Every manifold can reference a QPS entry. Every QPS entry contains the exact query that produced the manifold.

┌─────────────────┐         ┌─────────────────┐         ┌─────────────────┐
│   TMS Manifold  │────────>│   QPS Entry     │────────>│  Data Platform  │
│   (cognitive)   │  ref    │   (provenance)  │  exec   │  (source)       │
└─────────────────┘         └─────────────────┘         └─────────────────┘

The manifold stays clean. It's still a cognitive interface. QPS handles the provenance separately.


What Lives in a QPS Entry

A QPS entry has two immutable parts and one append-only part:

The Query

{
  "query": {
    "dialect": "databricks_sql",
    "template": "SELECT ts, unit_price, po_id, notes FROM silver.price_events WHERE part_id = :part_id AND supplier_id = :supplier_id AND ts >= :start AND ts < :end ORDER BY ts",
    "params": {
      "part_id": "P-123456",
      "supplier_id": "S-789",
      "start": "2025-01-01",
      "end": "2026-01-01"
    }
  }
}

This is the exact query that built the manifold. Parameterized, never interpolated. A human can read it, understand it, run it.

The Generation Record

{
  "generation": {
    "generated_at": "2026-01-14T22:30:00Z",
    "generated_by": "tms_generator_v1.2",
    "row_count": 517,
    "checksum": "sha256:a1b2c3d4..."
  }
}

This captures what the data looked like at generation time. The checksum is key: it lets us detect drift later.

The Execution Log

{
  "executions": [
    {
      "executed_at": "2026-01-15T10:00:00Z",
      "executed_by": "procurement_agent_v2",
      "row_count": 517,
      "checksum": "sha256:a1b2c3d4...",
      "drift_detected": false
    },
    {
      "executed_at": "2026-01-16T14:30:00Z",
      "executed_by": "human_audit",
      "row_count": 523,
      "checksum": "sha256:d4e5f678...",
      "drift_detected": true,
      "drift_note": "6 late-arriving POs"
    }
  ]
}

Every time someone replays the query, we log it. If the results differ from generation time, we flag it as drift.
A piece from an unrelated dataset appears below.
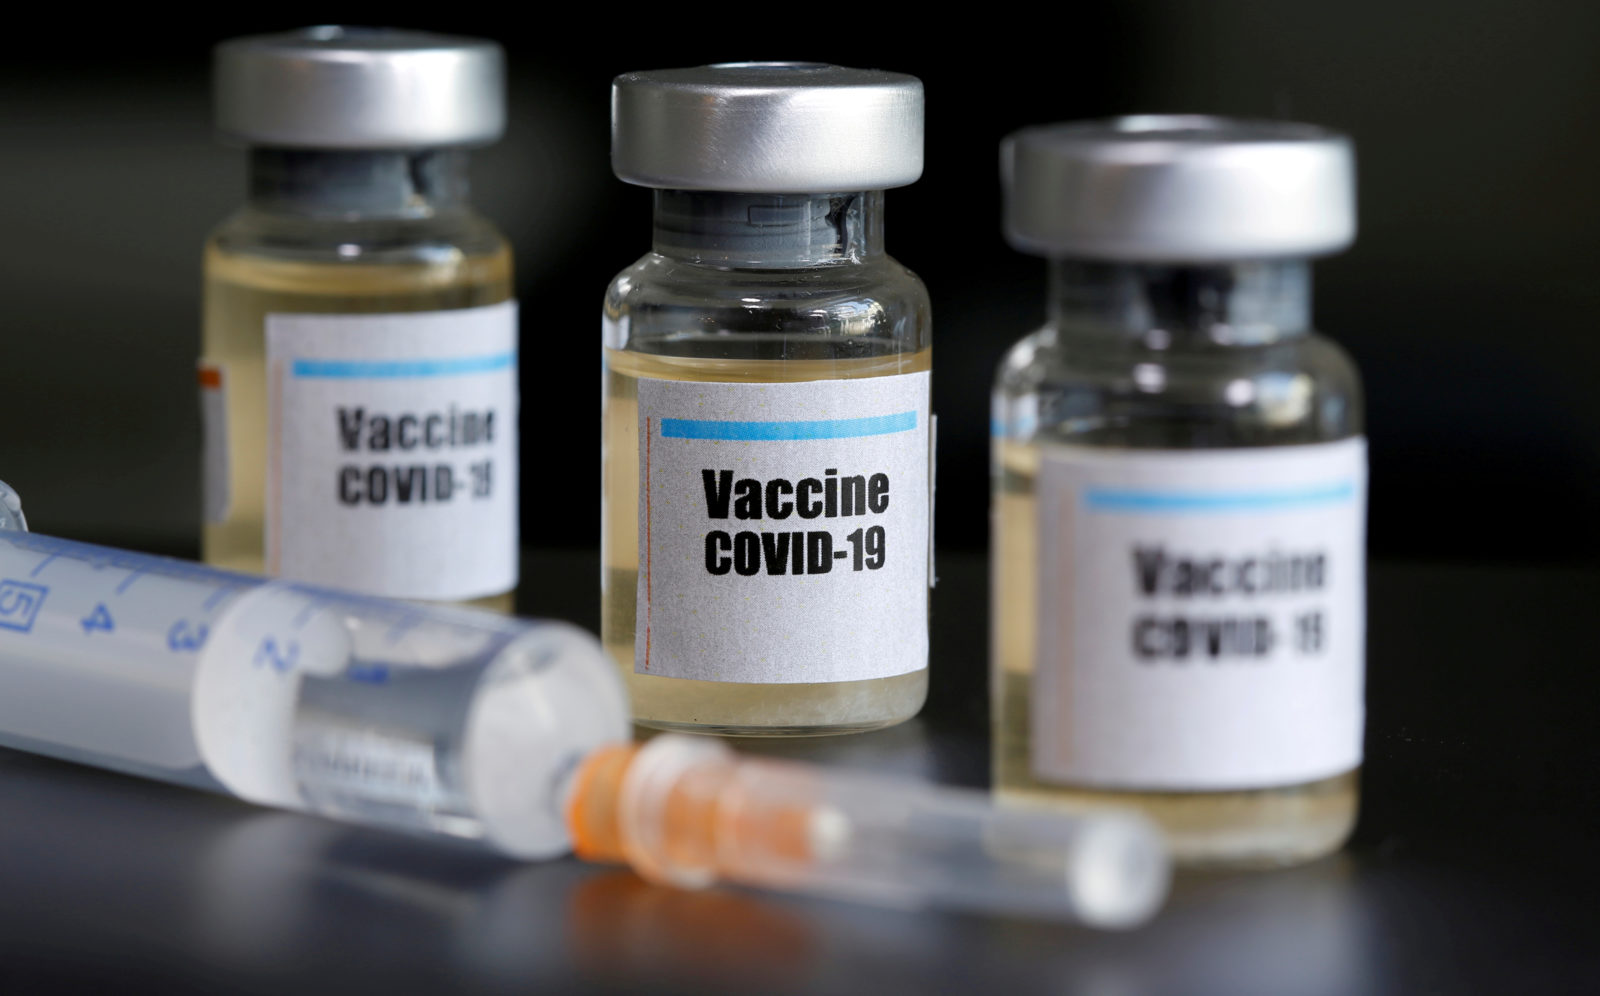 "Vaccine COVID-19"

Drift Detection: The Quiet Killer

Here's a scenario that happens more than you'd think:

  1. Monday: Agent analyzes supplier pricing, recommends renegotiation
  2. Tuesday: Finance team reviews the recommendation
  3. Wednesday: Late-arriving invoices hit the silver table
  4. Thursday: Finance runs the same analysis, gets different numbers
  5. Friday: Everyone argues about whose numbers are right

With QPS, the answer is clear:

{
  "drift_detected": true,
  "drift_type": "row_count_increase",
  "drift_delta": {
    "row_count_expected": 517,
    "row_count_actual": 523,
    "rows_added": 6
  }
}

The agent wasn't wrong. The data changed. Now you know.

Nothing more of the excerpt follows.